The Avalanche have placed all their bets on Semyon Varlamov, the 27-year-old Russian netminder. In 57 games last season, he picked up 28 wins and posted a 2.56 goals against average with a .921 save percentage. Varlamov is a big goalie and he boasts quick reflexes with a sturdy glove hand, but there are some positional concerns to be ironed out. Also, dude shouldn’t handle the puck.
Reto Berra is slated as the backup right now, which is a good thing. The 28-year-old is a quality recovery goalie and he plays that classic butterfly style that makes use of his reflexes. Sometimes he drops too quickly, though, and that can put him in tough positions when he’s outdone by the shooter. 23-year-old Calvin Pickard is another option for Colorado. He has the work ethic to take over as a starter someday.
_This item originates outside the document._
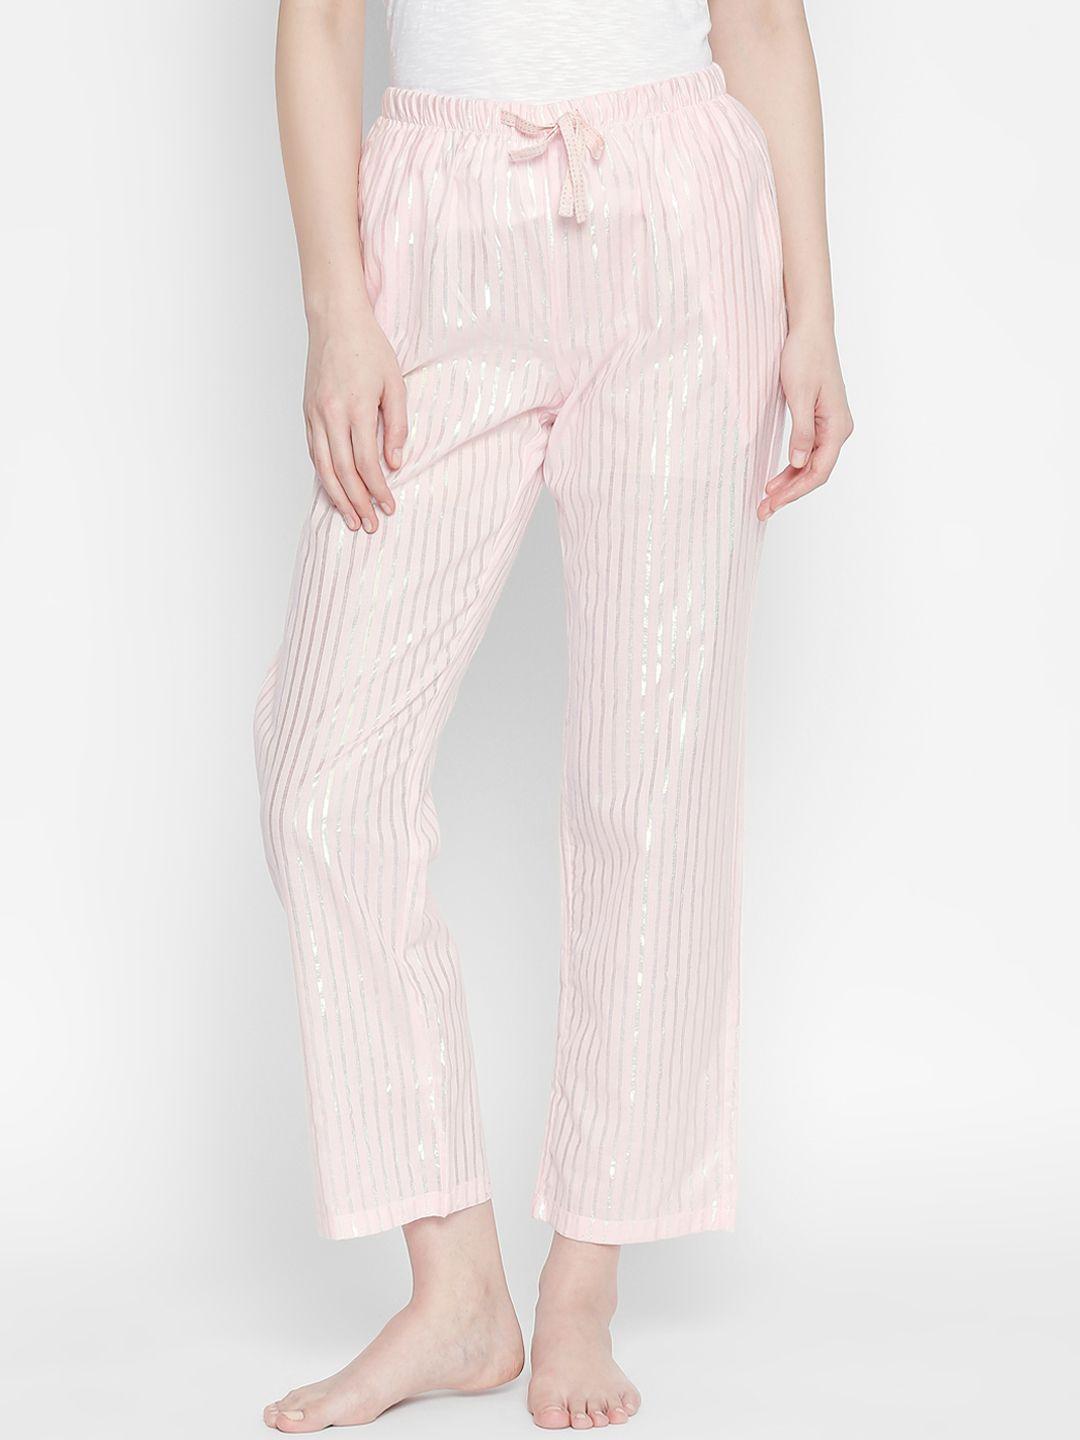 dreamz by pantaloons women pink striped lounge pants

Defence is the name of the game for Colorado’s prospect pool, plus there are some decent netminders in the system. Duncan Siemens and Chris Bigras are two of the blueliners worth looking at. Bigras has earned comparisons to Paul Martin for his swiftness with the puck and his tenacity in the shutdown role. The 20-year-old was selected by the Avalanche in 2013. Siemens, meanwhile, is another shutdown defenceman with big size. He could see action in 2015-2016.
The aforementioned Pickard joins Spencer Martin in a fairly deep group in goal. Oakville’s Martin is a reliable netminder with a fighting spirit. He doesn’t give up on plays, but he has problems with positioning. The Avalanche picked Martin in the third round of the 2013 NHL Entry Draft and 2015-2016 could be a nice time to introduce him to some action.
The Path Ahead
While there’s a lot of youth in the Colorado system, it’s hard to say that they’ll pay immediate dividends. This could be another tough year for the Avalanche, especially as they work to cement themselves as a team and transition away from some of their older players. Having the likes of Iginla, Tanguay and Beauchemin should help the young blood overall, though.
It’s doubtful the Avalanche will find themselves in the playoff picture, but they could make life more interesting in their division for the Dallas Stars and Winnipeg Jets. The hope is that they’ll score more goals while seeing solid netminding from Varlamov, which should help them round out and pick up some critical road wins. If not, it’ll be more of the same.